Belgian GPT-2 🇧🇪

A GPT-2 model pre-trained on a very large and heterogeneous French corpus (~60Gb).

1. Using BelGPT-2 for Text Generation in French

You can use BelGPT-2 with 🤗 Transformers library as follows:

import torch
from transformers import GPT2Tokenizer, GPT2LMHeadModel

# Load pretrained model and tokenizer
model = GPT2LMHeadModel.from_pretrained("antoiloui/belgpt2")
tokenizer = GPT2Tokenizer.from_pretrained("antoiloui/belgpt2")

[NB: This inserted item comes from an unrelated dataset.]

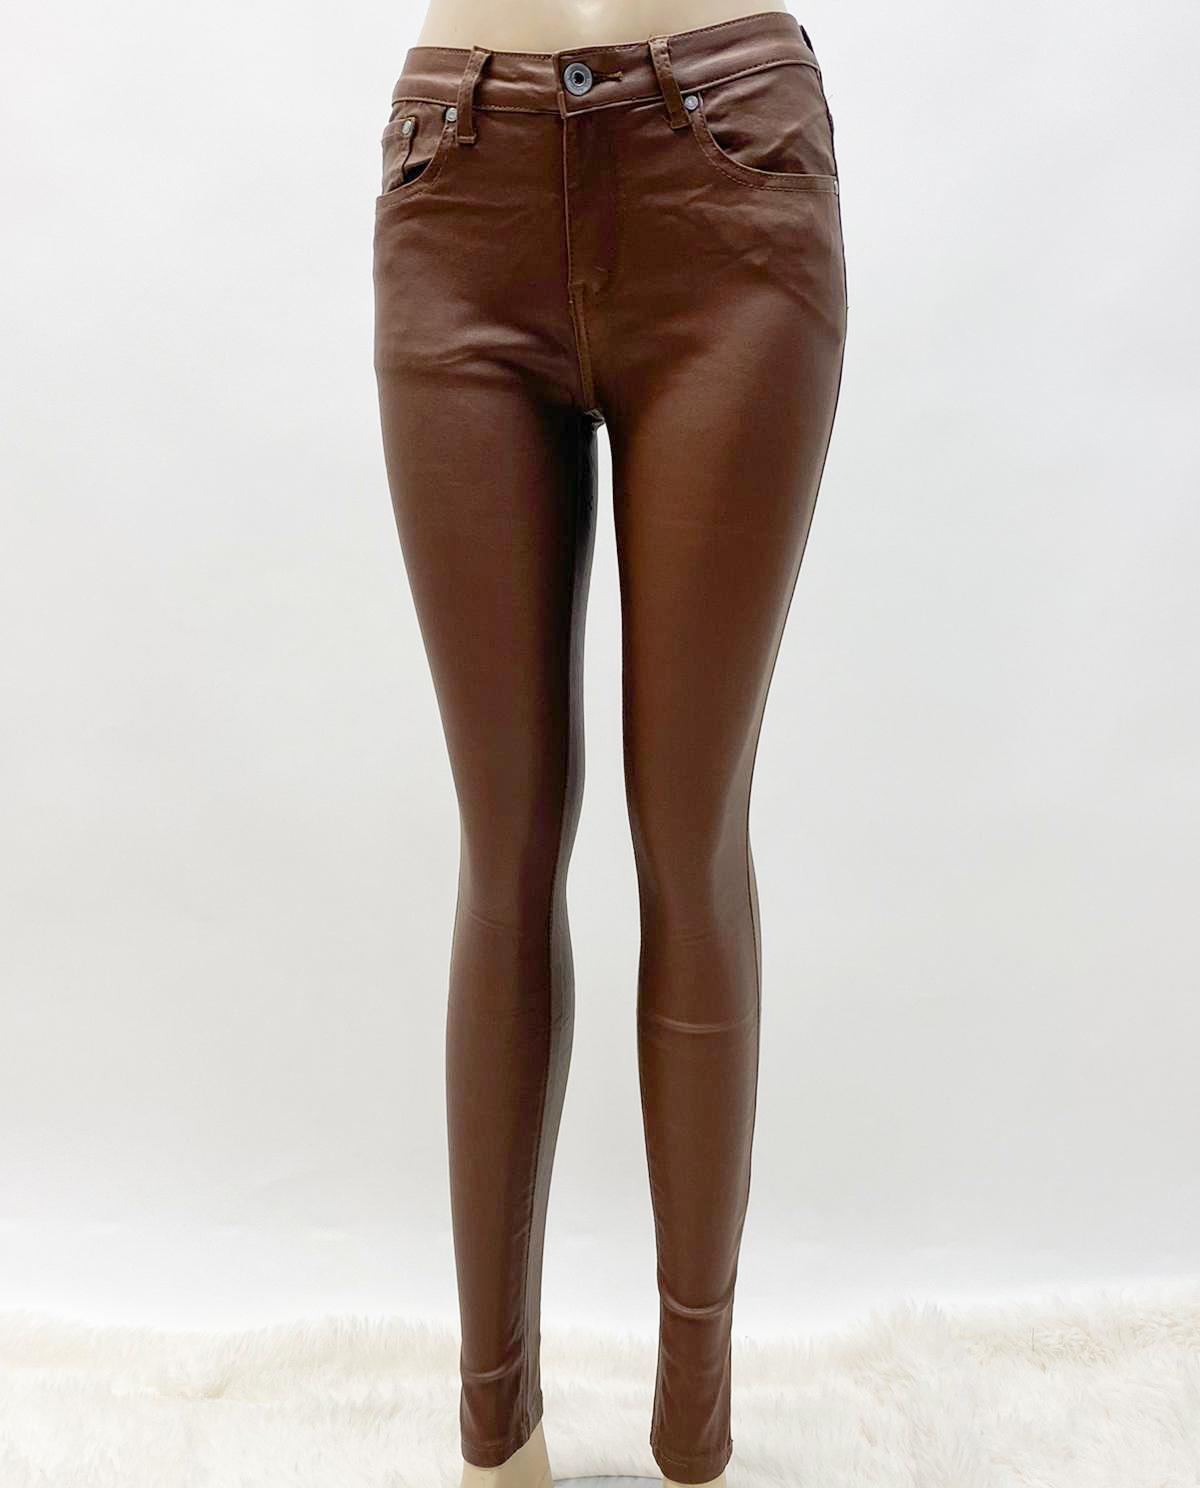 Jeans braun in Lackoptik matt

# Generate a sample of text
model.eval()
output = model.generate(
            bos_token_id=random.randint(1,50000),
            do_sample=True,   
            top_k=50, 
            max_length=100,
            top_p=0.95, 
            num_return_sequences=1
)

# Decode it
decoded_output = []
for sample in output:
    decoded_output.append(tokenizer.decode(sample, skip_special_tokens=True))
print(decoded_output)

2. Pre-training BelGPT-2

2.1. Data

This section describes the steps for downloading, cleaning and tokenizing a large French corpus (inspired by the data collection from FlauBERT).

Install dependencies

You should clone this repo and then install WikiExtractor and Moses tokenizer:

git clone https://github.com/antoiloui/belgpt2

# Install toolkit
cd scripts/tools
git clone https://github.com/attardi/wikiextractor.git
git clone https://github.com/moses-smt/mosesdecoder.git

Download and preprocess data

In this section, we describe the pipeline to prepare the data. In the following, replace $DATA_DIR, $corpus_name respectively with the path to the local directory to save the downloaded data and the name of the corpus that you want to download among the options specified in the scripts.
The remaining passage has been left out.